1 files changed, 25 insertions, 0 deletions
diff --git a/Documentation/admin-guide/perf/nvidia-tegra410-pmu.rst b/Documentation/admin-guide/perf/nvidia-tegra410-pmu.rst
index c065764d41fe..9945c43f6a7a 100644
--- a/Documentation/admin-guide/perf/nvidia-tegra410-pmu.rst
+++ b/Documentation/admin-guide/perf/nvidia-tegra410-pmu.rst
@@ -8,6 +8,7 @@ metrics like memory bandwidth, latency, and utilization:
 * Unified Coherence Fabric (UCF)
 * PCIE
 * PCIE-TGT
+* CPU Memory (CMEM) Latency
 
 PMU Driver
 ----------
@@ -344,3 +345,27 @@ Example usage:
   0x10000 to 0x100FF on socket 0's PCIE RC-1::
 
     perf stat -a -e nvidia_pcie_tgt_pmu_0_rc_1/event=0x1,dst_addr_base=0x10000,dst_addr_mask=0xFFF00,dst_addr_en=0x1/
+
+CPU Memory (CMEM) Latency PMU
+-----------------------------
+
+This PMU monitors latency events of memory read requests from the edge of the
+Unified Coherence Fabric (UCF) to local CPU DRAM:
+
+  * RD_REQ counters: count read requests (32B per request).
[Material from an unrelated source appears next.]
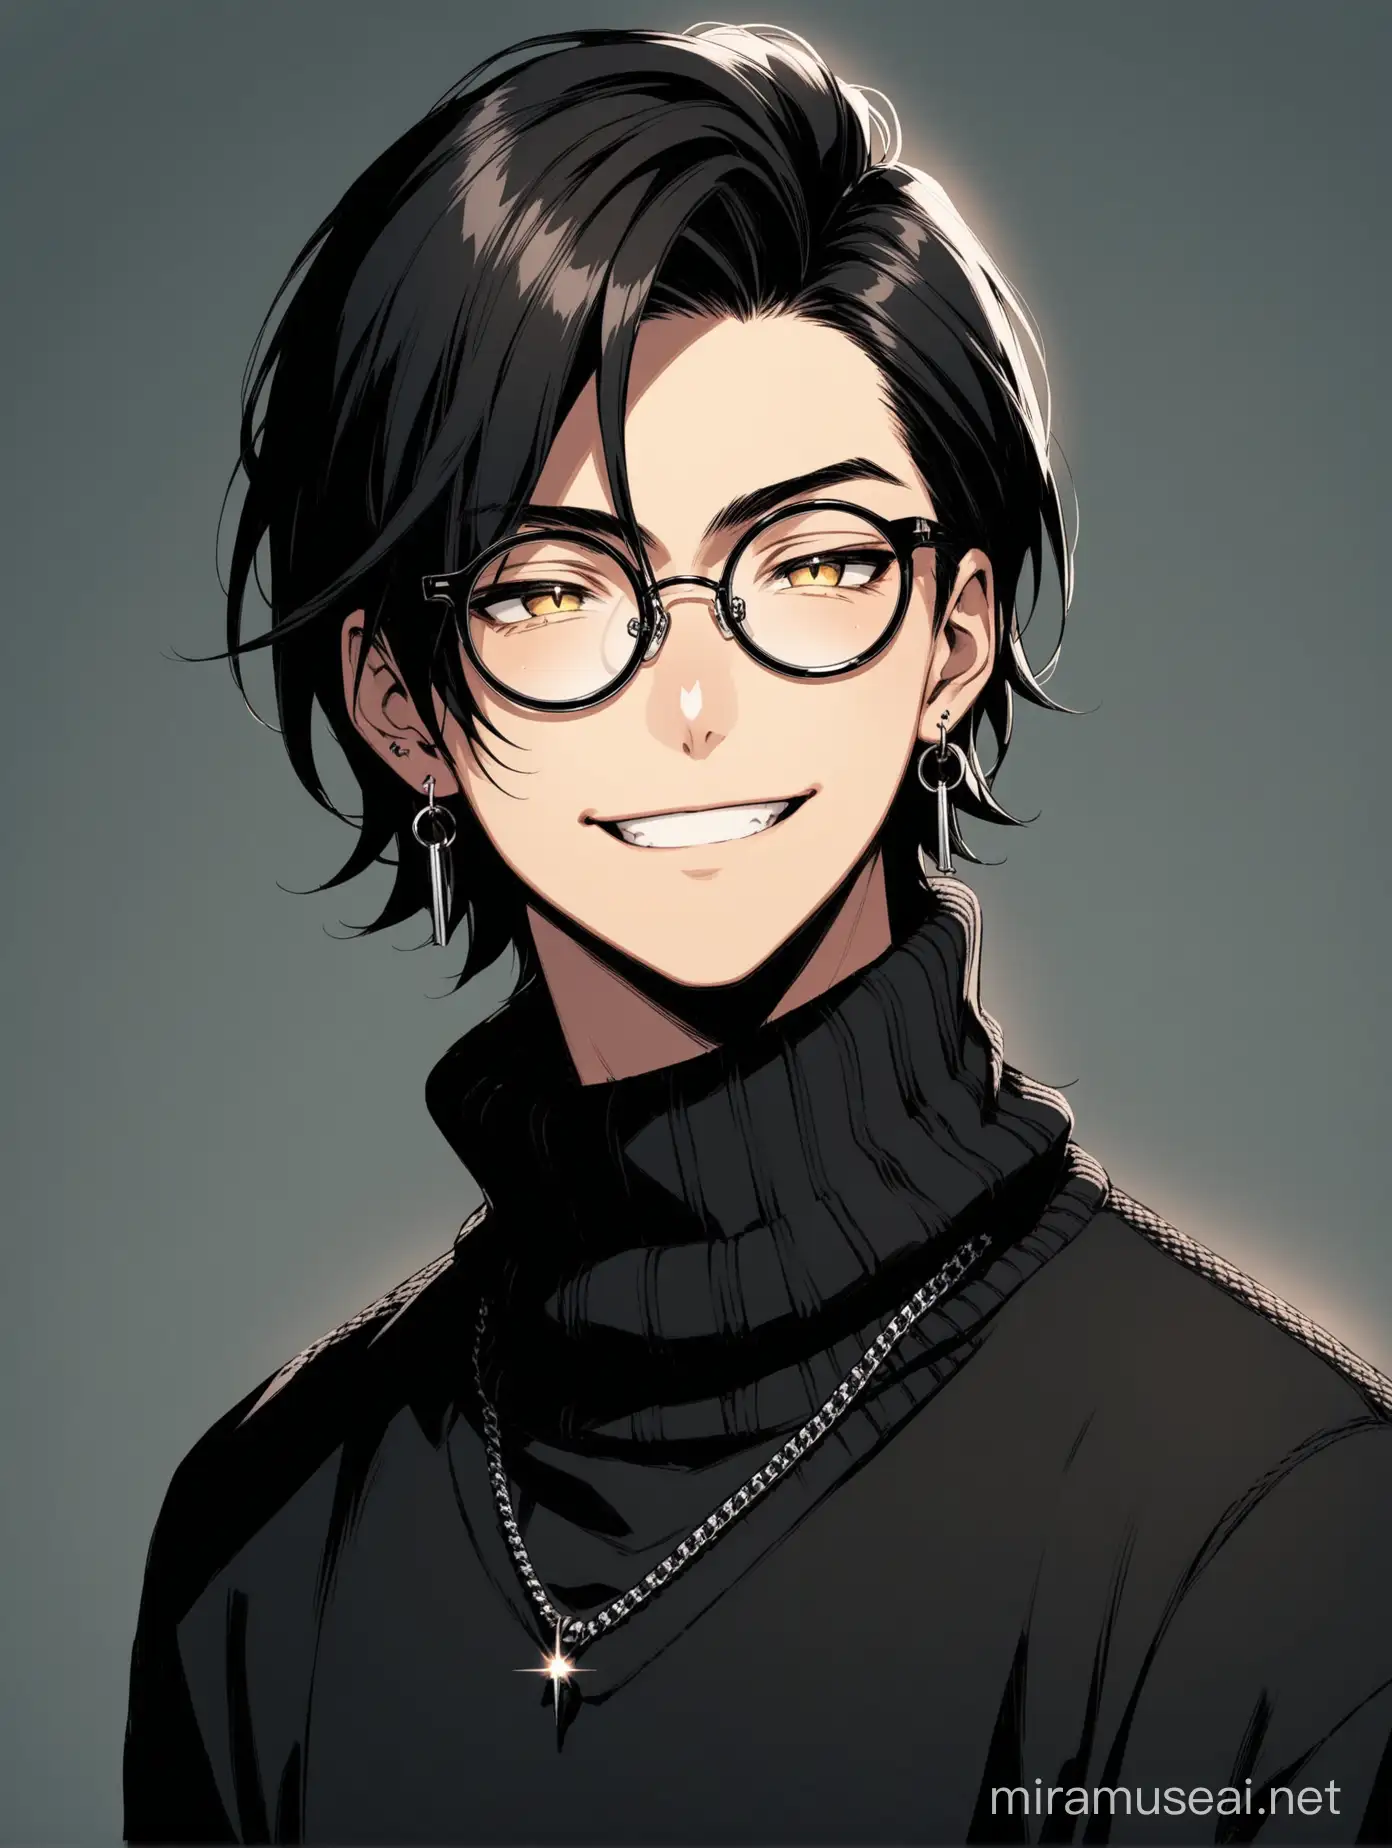 Rebellious Teenager with Mysterious Charm and Black Round Glasses

+  * RD_CUM_OUTS counters: accumulated outstanding request counter, which track
+    how many cycles the read requests are in flight.
+  * CYCLES counter: counts the number of elapsed cycles.
+
+The average latency is calculated as::
+
+   FREQ_IN_GHZ = CYCLES / ELAPSED_TIME_IN_NS
+   AVG_LATENCY_IN_CYCLES = RD_CUM_OUTS / RD_REQ
+   AVERAGE_LATENCY_IN_NS = AVG_LATENCY_IN_CYCLES / FREQ_IN_GHZ
+
+The events and configuration options of this PMU device are described in sysfs,
+see /sys/bus/event_source/devices/nvidia_cmem_latency_pmu_<socket-id>.
+
+Example usage::
+
+  perf stat -a -e '{nvidia_cmem_latency_pmu_0/rd_req/,nvidia_cmem_latency_pmu_0/rd_cum_outs/,nvidia_cmem_latency_pmu_0/cycles/}'